Professor Gunn will receive £5,000 for winning the award
Professor Gunn will receive £5,000 for winning the award

 

Now in its ninth year, the Edge Hill Prize is the only UK award that recognises excellence in a published collection of short stories and sees established names compete with relative newcomers for up to £6500 in cash prizes. Professor Gunn will receive £5000 for winning the main award.

“It is a tremendous honour and surprise to be awarded the Edge Hill Prize,” said Professor Gunn. “I am absolutely delighted to have won this terrific prize – and join the line of past winners like John Burnside and Colm Toibin.”

Originally from New Zealand, Professor Gunn has written five works of fiction, including short stories and a collection of fragments and meditations.

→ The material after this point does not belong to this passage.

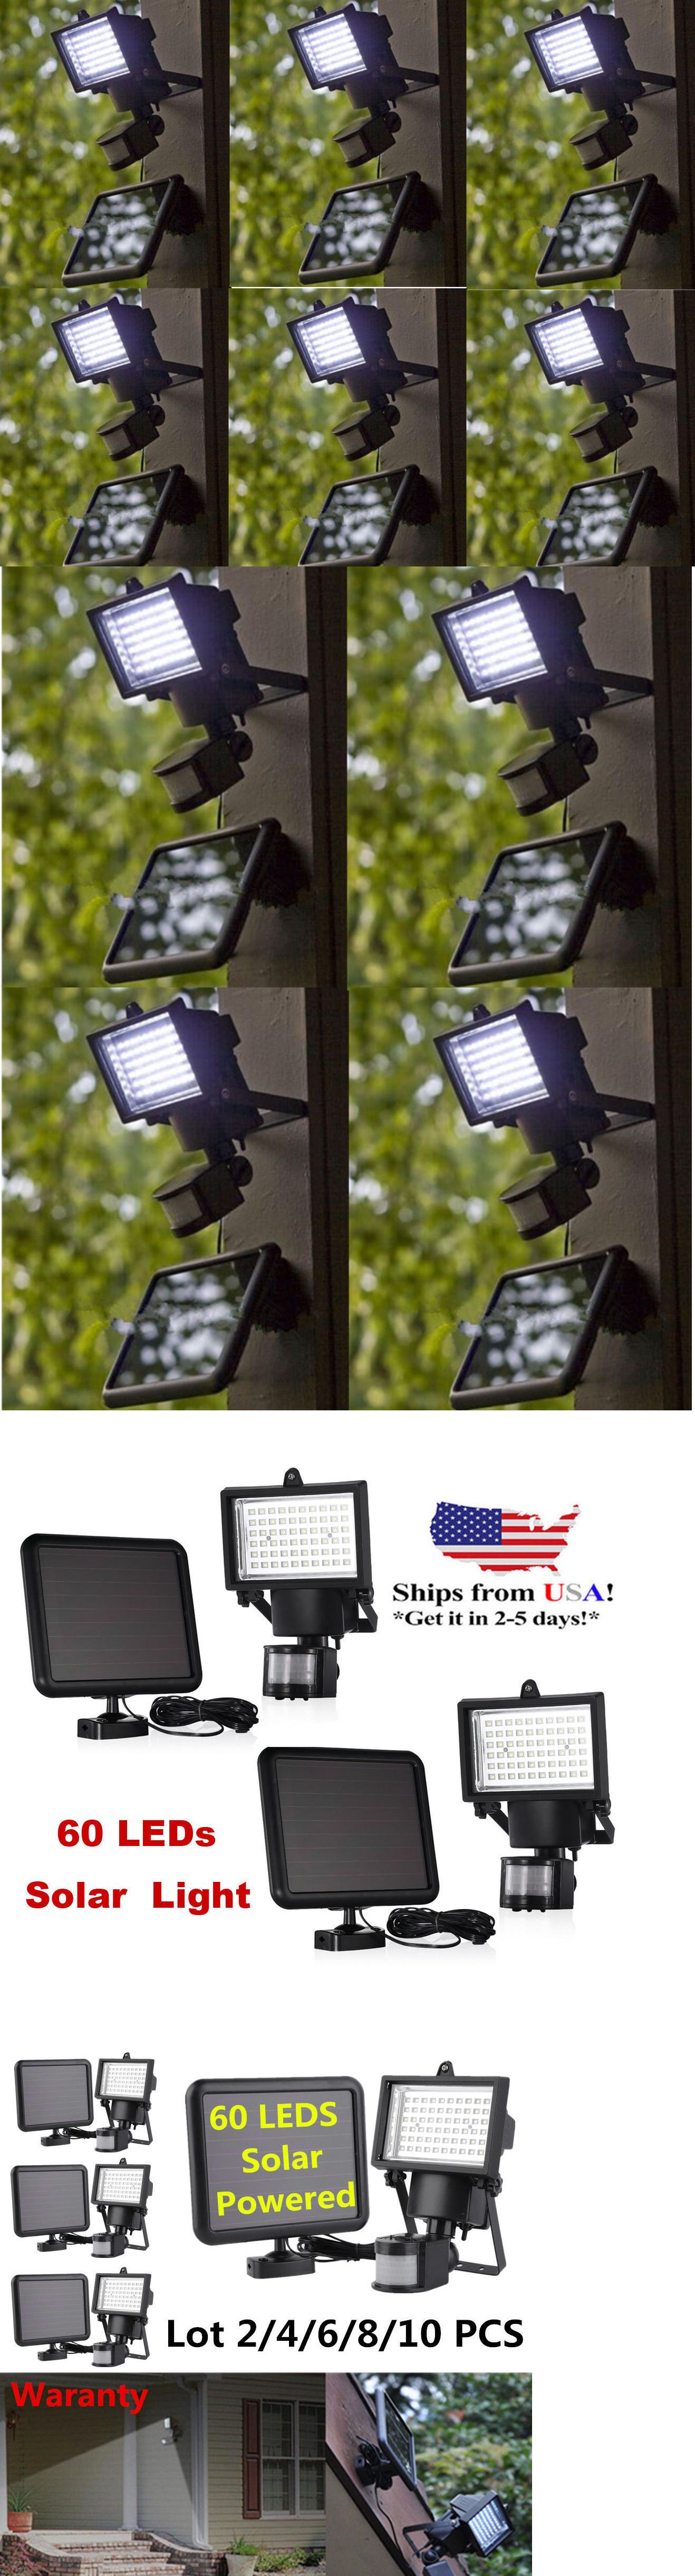 Best Of solar Powered Walkway Lights
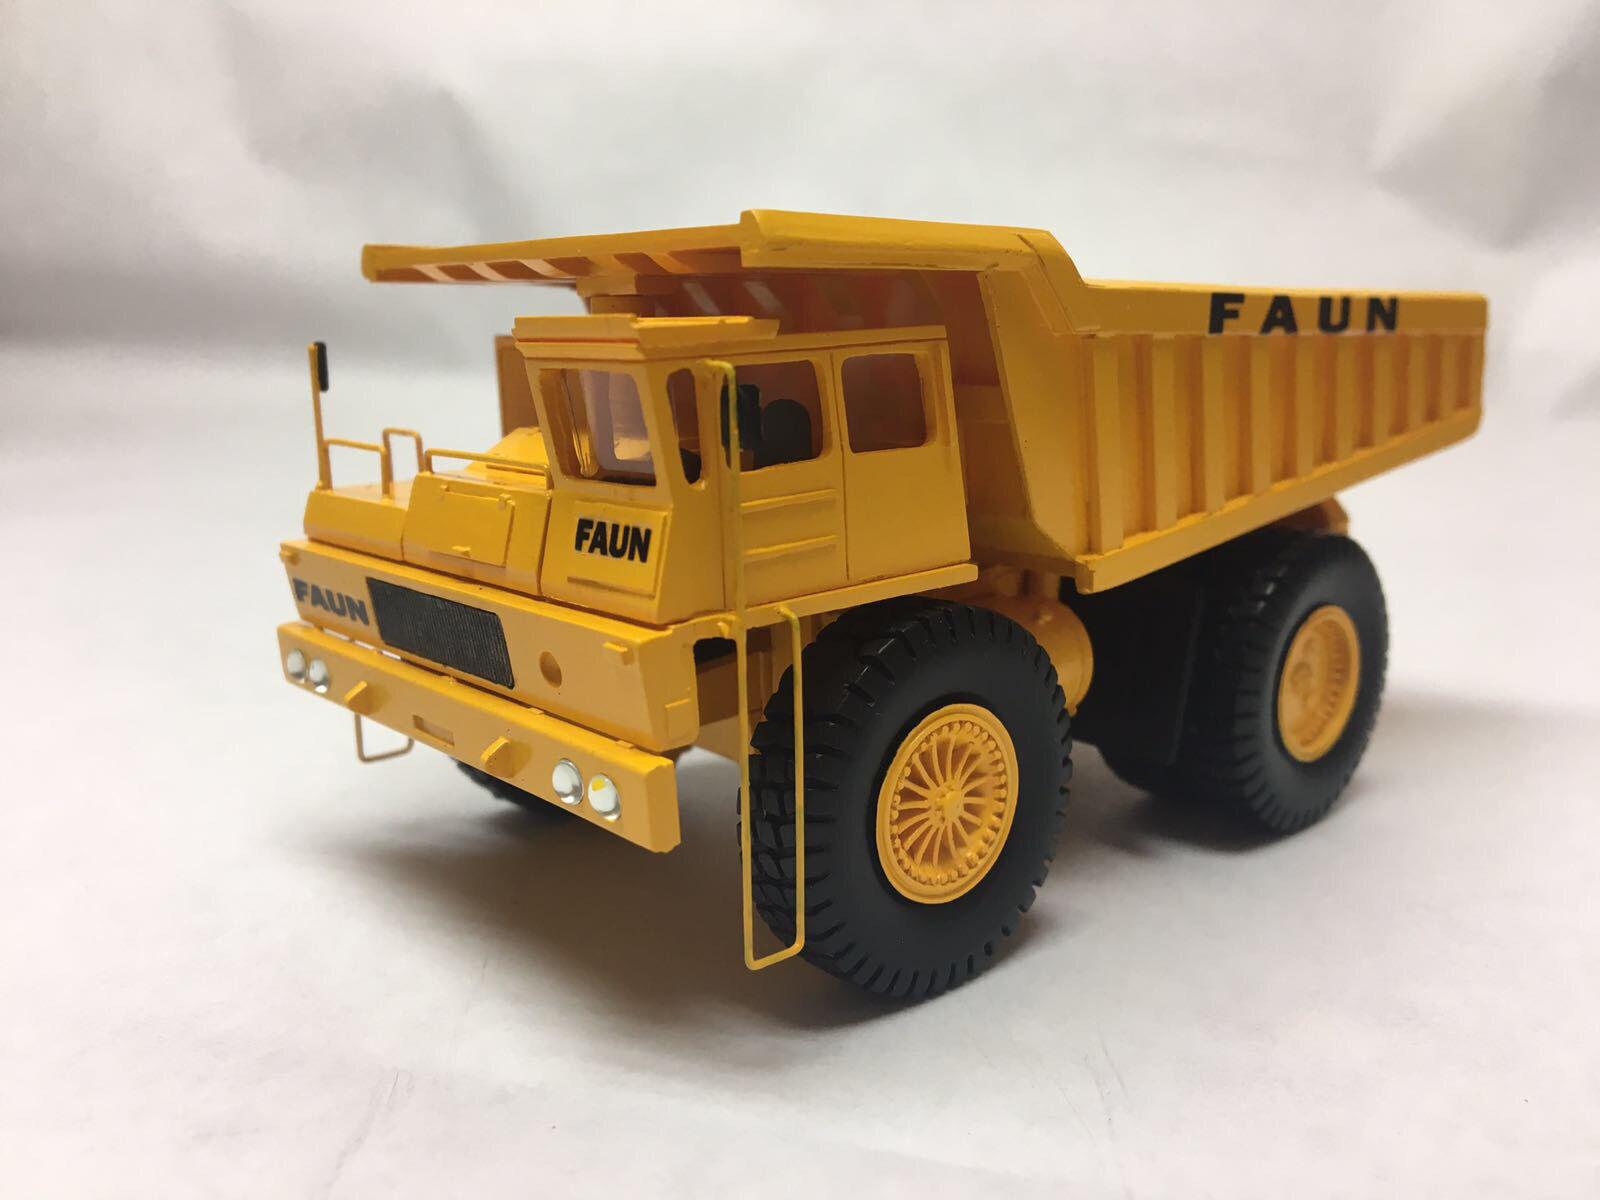 HO 1 87 FAUN K80 W 4x2 Camion Benne-prêts Résine Modèle par FanKit Models

Her work has been adapted for screen and stage and has attracted several awards, including Scottish Book of the Year 1997. In addition to winning the Edge Hill prize, she has also been shortlisted for the Frank O’Connor International Short Story Award.

Edge Hill Prize co-ordinator Dr Ailsa Cox said, “This shortlist shows the huge range and diversity of short story writing today, and how many risks writers are taking with the form, with stories based on, amongst other things, twitter fiction, autobiographical memories, oral history and role-playing games.

“All of these collections are winners. All contain powerful personal versions and test the language to its limits. In the end we chose Kirsty Gunn’s Infelicities for its haunting imagery and the beauty of its style. Sentence by sentence, Infidelities shows us the short story’s ability to take us straight to the heart of the mystery.”